Discussions around market opportunities and how to capture the interest of customers in relation to these opportunities is, in our experience, somewhat lacking. This makes the development of a sales pipeline, a tool designed to focus attention on what is important, very difficult.
This week we’ve picked out three aspects of the sales pipeline you should consider when heading into FY24/25. Enjoy.
#1. Eyeballs are EVERYTHING
The sales funnel is a reasonably simple concept to grasp. Lots and lots of opportunities at the top of hopper should, if the pipeline is managed well, lead to sales. The exact number of sales will be defined by how good you are at nurturing your leads through each stage of the funnel (your conversion rate). If you are launching a service/product/initiative in the new financial year and want to understand what this might look like from a sales pipeline perspective, try out the free Sales Funnel Calculator from close.com. We’ve found this useful from a planning perspective and also when convincing non-marketing professionals for the need for budgets for launch campaigns!

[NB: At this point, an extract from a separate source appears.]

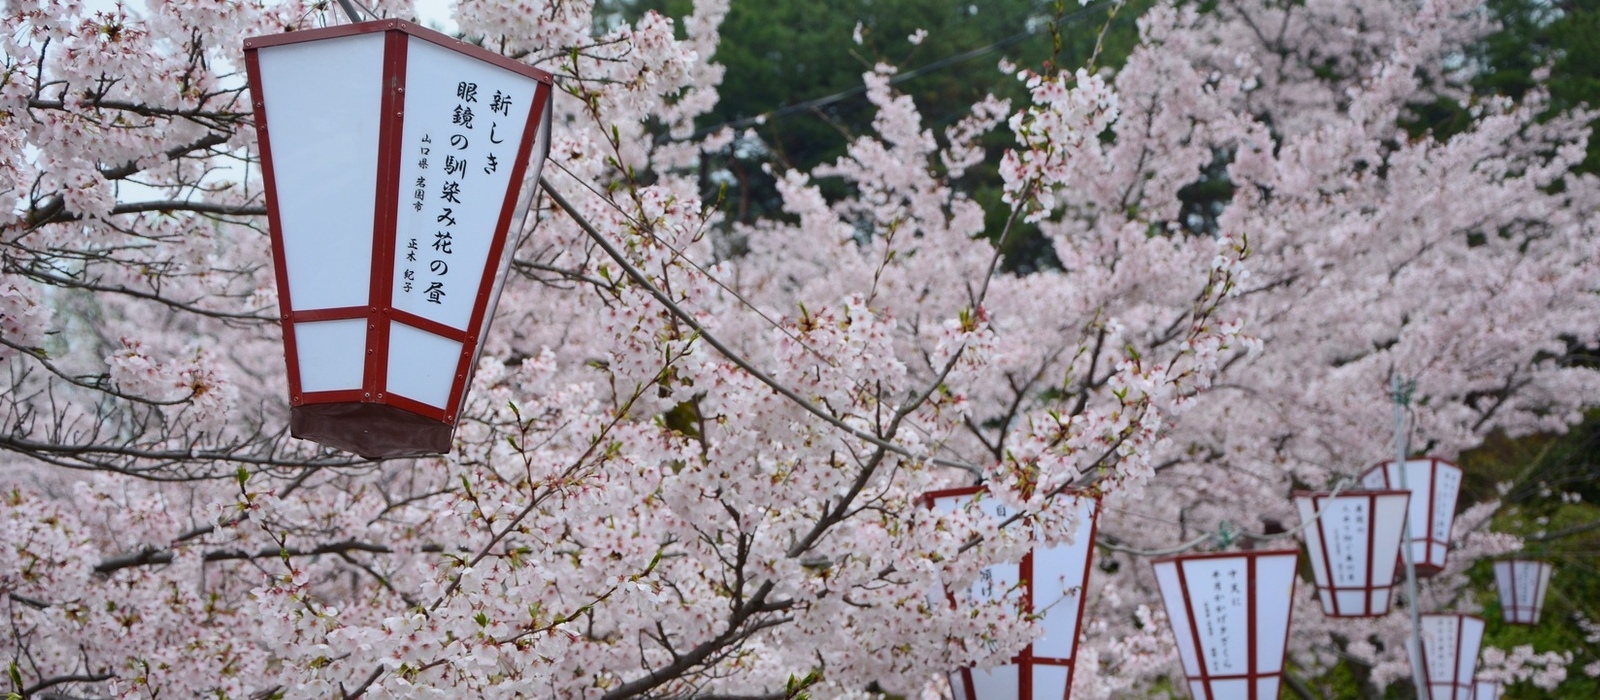 ”さくらの名所100選”に選定されている千光寺公園。3月16日～4月14日までぼんぼりがライトアップされます！

Without lots of opportunities (eyeballs) constantly pouring into the top of the hopper, you can forget about meaningful sales. This is why the marketing and creative design department should be every salesperson’s best friend. Their ability to create eye catching and engaging content that turns a member of the public into a Marketing Qualified Lead (MQL) is a critical first stage in the sales process. So, get cosy with your marketing colleagues as they are key to your future success.
#2. Be relentless
Considering that, on average, 2-8% of aware parties convert to engaged, it stands to reason that Considering that, on average, 2-8% of aware parties convert to engaged, it stands to reason that EVERY effort should be made to push these precious few MQL leads further down the sales funnel, And yet, in most professional services firms we speak to, there is no defined or understood process for when a lead is generated (from any channel). From the moment someone moves from aware to engaged, you have 24hrs or less to develop this engagement. Otherwise, your lead will look elsewhere. When asked about enquiry management, the common answers (and challenges associated with these answers) received from firm’s include:
effort should be made to push these precious few MQL leads further down the sales funnel, And yet, in most professional services firms we speak to, there is no defined or understood process for when a lead is generated (from any channel). From the moment someone moves from aware to engaged, you have 24hrs or less to develop this engagement. Otherwise, your lead will look elsewhere. When asked about enquiry management, the common answers (and challenges associated with these answers) received from firm’s include:
Answer | Challenge |
“Partner X (busiest and most senior partner in the group) receives all responses” | This approach is not practical. Efficient, or cost effective. Their role should not be to qualify leads. Consider giving this to a more junior member of the team (great development opportunity). |
“Marketing pick up all website enquiries…” | Given the breadth they have to cover, it is unlikely the marketing team with have sufficient depth of knowledge to qualify a lead. See above for solution. |
“We’ve set up a distribution list for all responses…” | At LINAR we call this the TEFLON ™ approach. Everyone in the distribution list believes that everyone else in the distribution list will pick up the enquiry and so no does! Identify 1/2 people max to qualify leads in a timely manner. |
The common result of a lack of process is leakage (your funnel turns to a sieve) between Awareness & Engagement. Put another way, all that time and effort invested by you and your marketing team in developing a sh^t hot campaign, combined with the pain of convincing your lawyer/accountant/engineering colleagues for a meagre advertising and launch spend, is wasted because you’re losing a proportion of the precious leads you’ve fought so hard to won.
So please, please, please, if you remember one thing from this email today, define your process for enquiry management and follow EVERY SINGLE LEAD up as it may result in a sale.
#3. A non-response does not mean “no”
Here’s some top line sales stats for you from the team at Hubspot.
We’ve spoken previously about the excuses given for not following up on a lead. “Don’t want to disturb them.” “Don’t want to look desperate.” “If they were interested, they would have responded already”. And my personal favourite, “I don’t want to come across as salesy!” These excuses demonstrate a lack of resilience and confidence in the sales process, which, let’s face it, has more rejections than wins.
The key here is to persevere. At LINAR Consulting we chase down EVERY lead to one of two conclusions:
- I’m buying what you’re selling. Wahey! High fives all round; or
- I’m not buying what you’re selling. OK. Let’s (i) understand the reason why and (ii) put you on the list for a catch up in six months when your situation might have changed.